Elsewhere, a darkened gallery holds two images mounted back-to-back on a plinth. In this quiet, chapel-like space the viewer can contemplate ocean waves or earthenware vessels, a yin and yang of boundlessness and containment. A series of wonderful and playful sculptures (“Gallery 6 Figures, No. 1, No. 2, No. 3,” from 2022) in another gallery reimagines tiny prehistoric European clay artifacts like the Venus of Willendorf in monumental form, metamorphosing the original Venus’s exaggerated hips and breasts into a lush, ungendered body fashioned out of papier-mâché.
While much of the show addresses the individual’s response to the battle for social justice, Simmons hasn’t forgotten all of those promises that museums made in the aftermath of George Floyd’s murder, either. Even the Queens Museum, which has long taken a proactive stance in issues facing its racially, ethnically and economically diverse community, is subject to the artist’s exacting and probing questioning.
One example of the Queens Museum’s approach to community engagement is its Cultural Food Pantry, created in partnership with the nonprofit La Jornada to support residents of Corona, Queens, who were especially hard hit by the Covid-19 crisis.
In a corner of the building where people come on Wednesdays to pick up bare necessities, there is a set of slides chosen by the food pantry staff to show the work they do. Above these plays a video of Simmons’s queries, translated into Mandarin and Spanish, to those who use the space. “What kind of freedoms do you imagine for you and your family?” one asks. “Did your home country have food pantries?” another says. “What is your definition of capitalism?” a third poses. Peoples’ answers will be added to the projection over the course of the exhibition. By asking the viewer to think about the conditions that make food pantries necessary, Simmons provokes a growing unease as to whether they are an effective response to the crisis or a Band-Aid solution that leaves the underlying disease untreated.

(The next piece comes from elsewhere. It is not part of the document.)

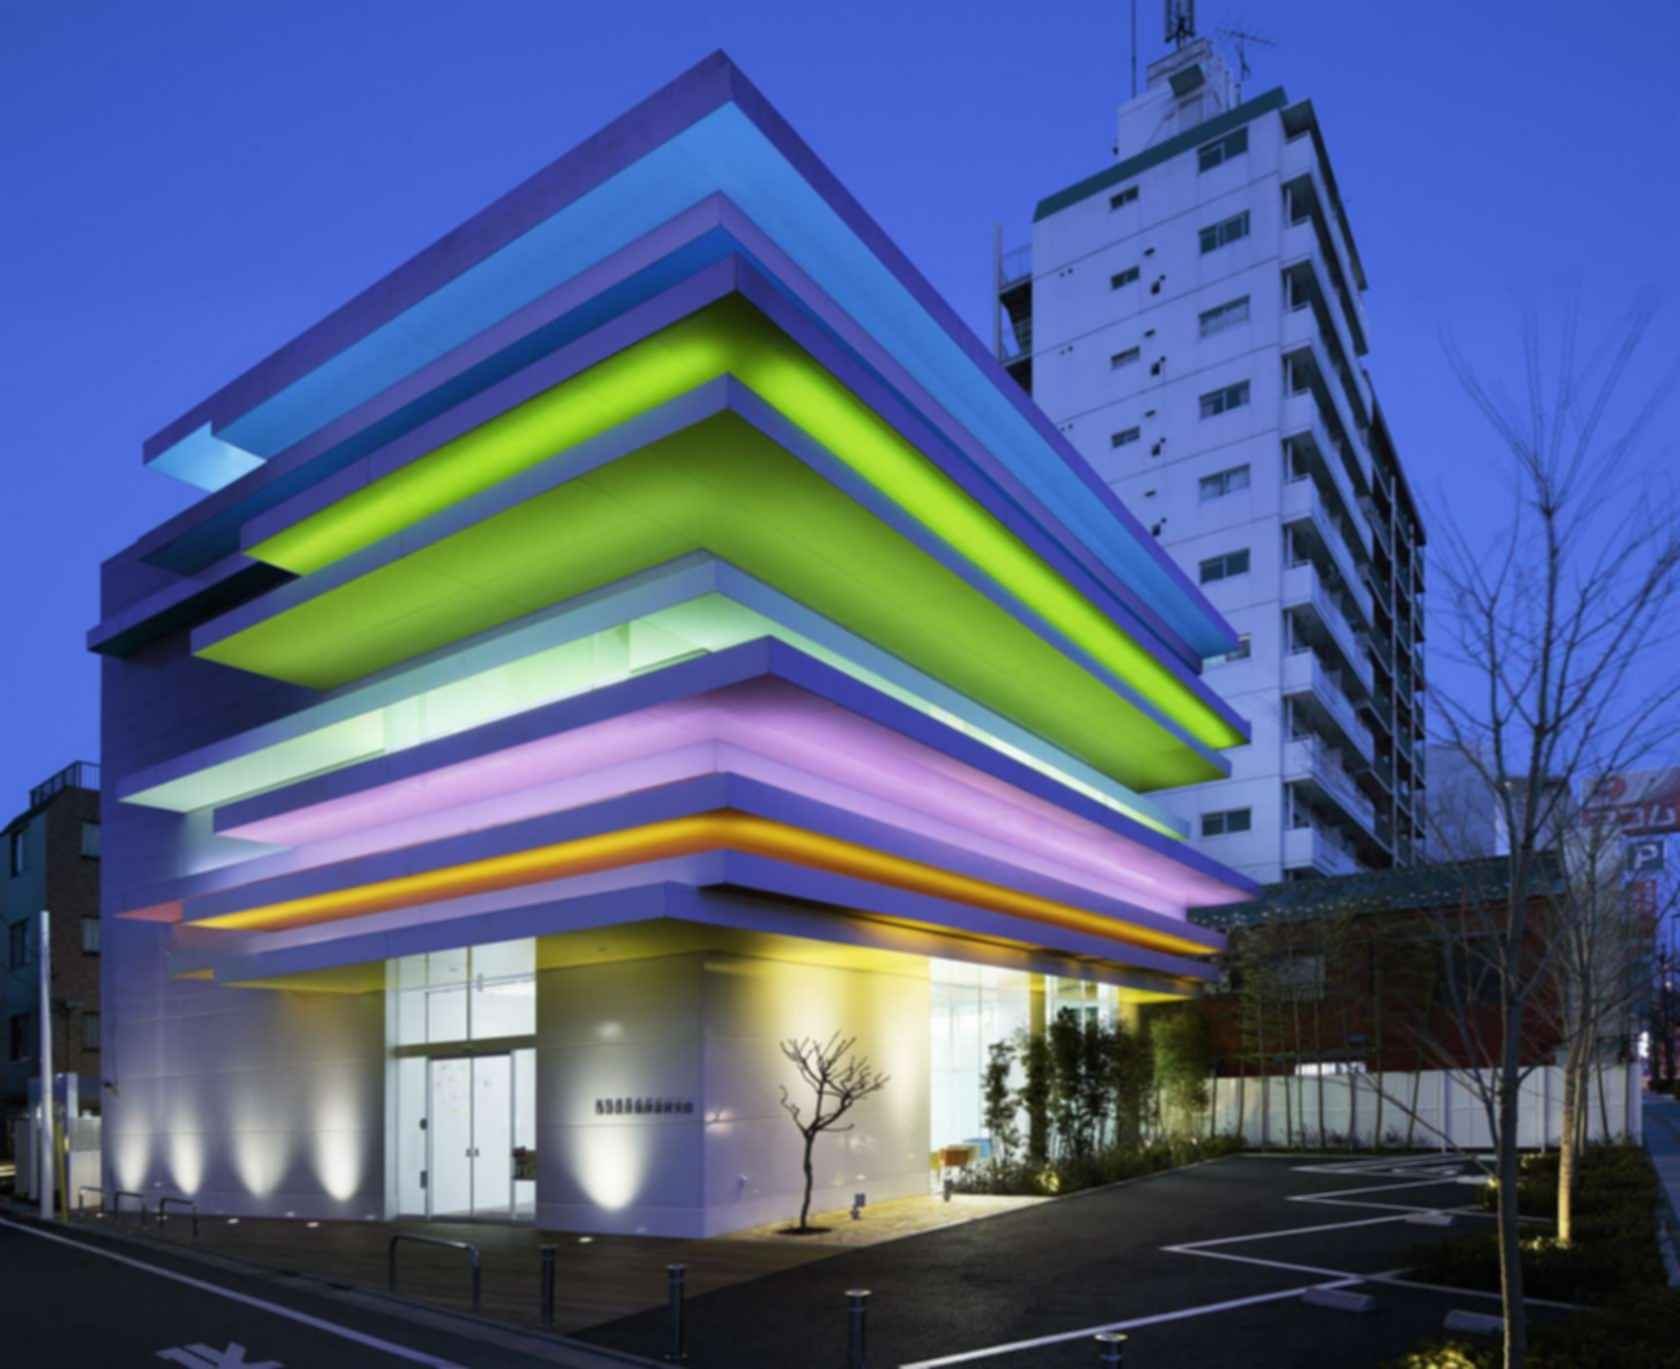 Sugamo Shinkin Bank - Exterior at Night

Simmons’s approach is less to condemn than to plant the seeds of political awareness among museum visitors. To this end, she will distribute 4,000 copies of books including “The End of Policing” by Alex Vitale, the Spanish-language edition of Howard Zinn’s “A People’s History of the United States,” and titles by Angela Davis, Roxanne Dunbar-Ortiz and Audre Lorde.

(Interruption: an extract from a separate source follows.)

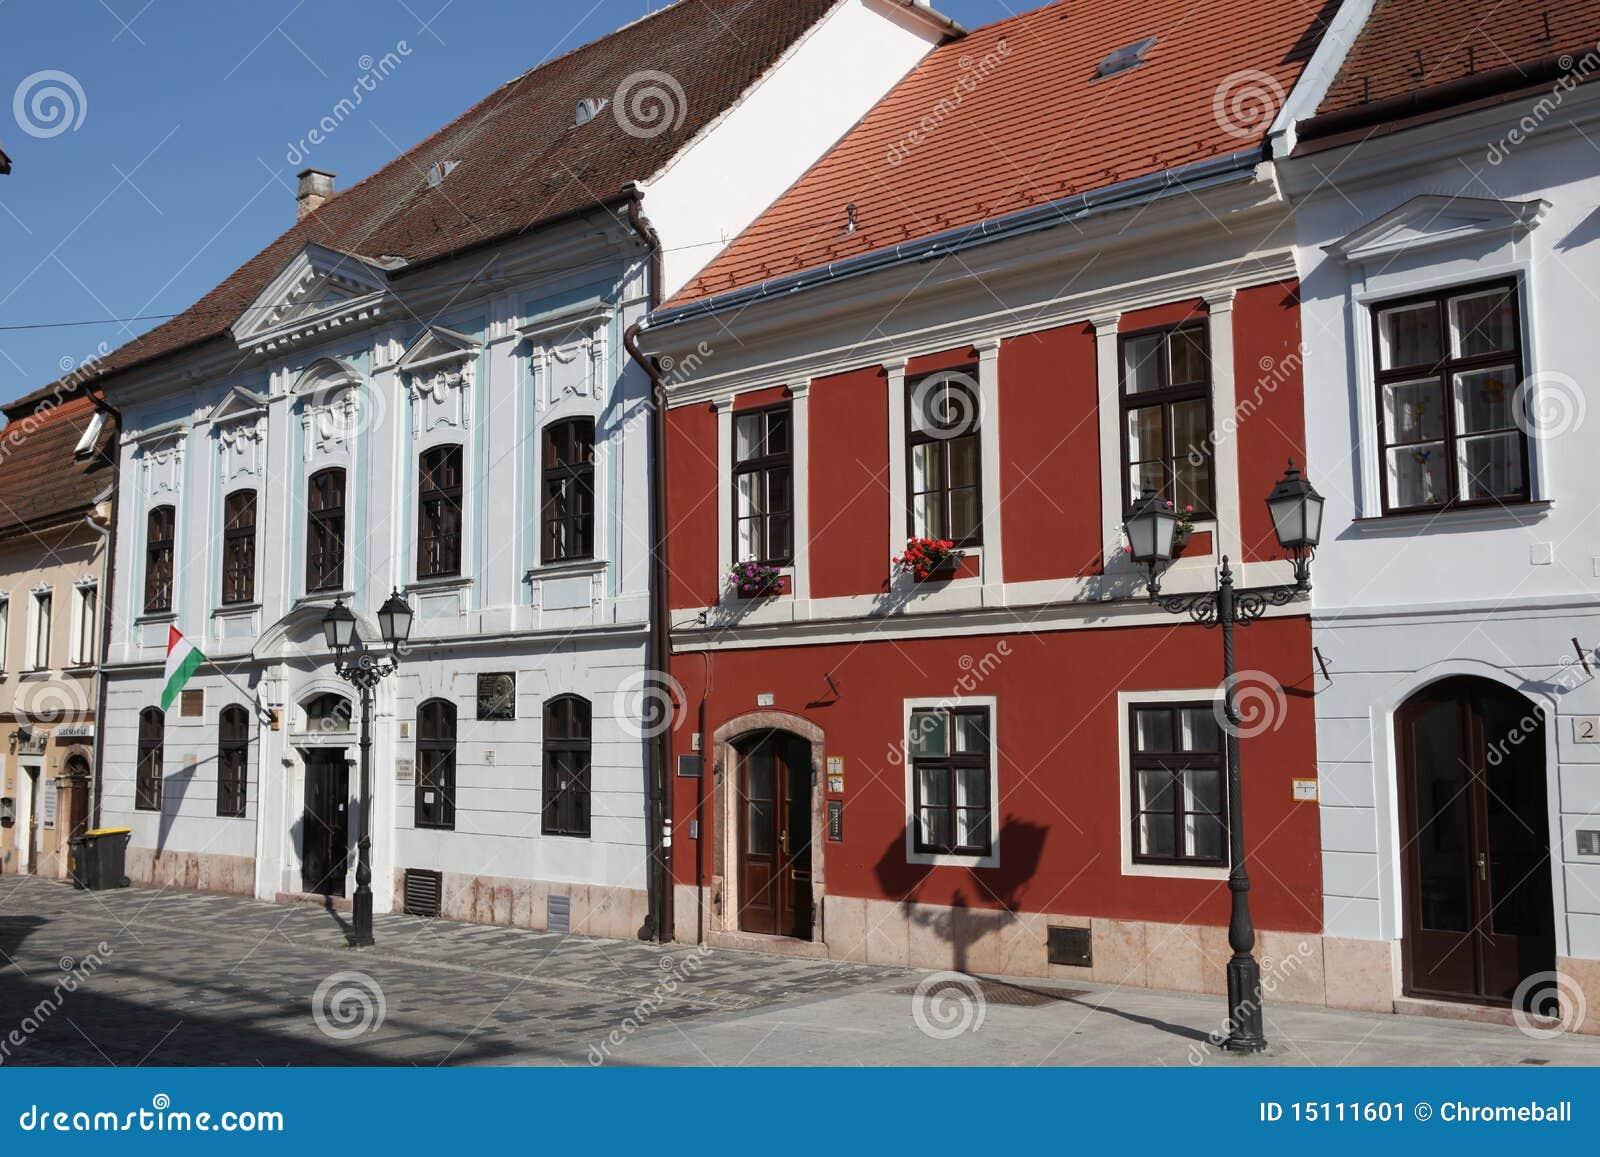 Hungary gy r street sex

In a short note appended to the exhibition’s introductory wall text, Simmons insists that her presence should not be seen as a substitute for “the vital life-changing work that museums, trustees, and both individual and governmental entities have to do to radically shift philanthropic, labor, and civic systems.” She is aware of the fine line she treads in asking visitors to demand more of our art institutions while having an exhibition in one.

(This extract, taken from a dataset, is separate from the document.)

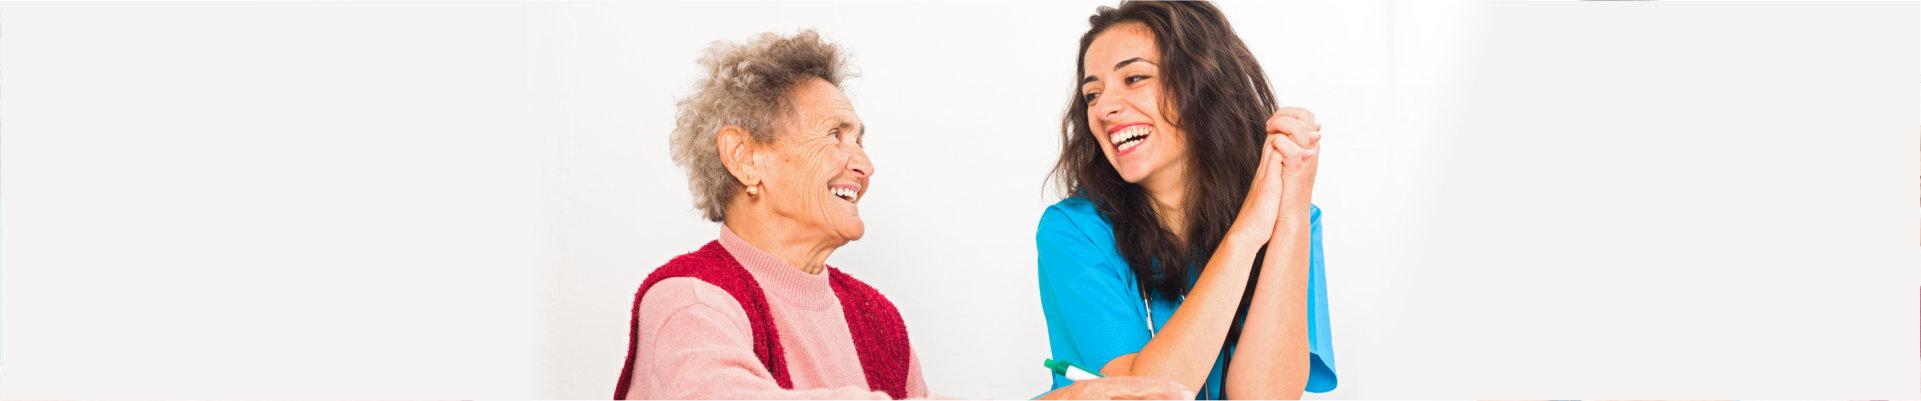 senior woman with kind caregiver

For many museums, the idea of advancing social justice and combating inequality takes the form of diversifying programming: bringing more people into the fold, first and foremost by displaying more work by Black artists. Surely that’s a net good for audiences, who have been treated to an array of excellent shows over the past few years as a result. The problem arises when that’s all museums think is required of them. Simmons’s intervention makes clear that you can’t curate your way out of racism — or read your way out of it, for that matter.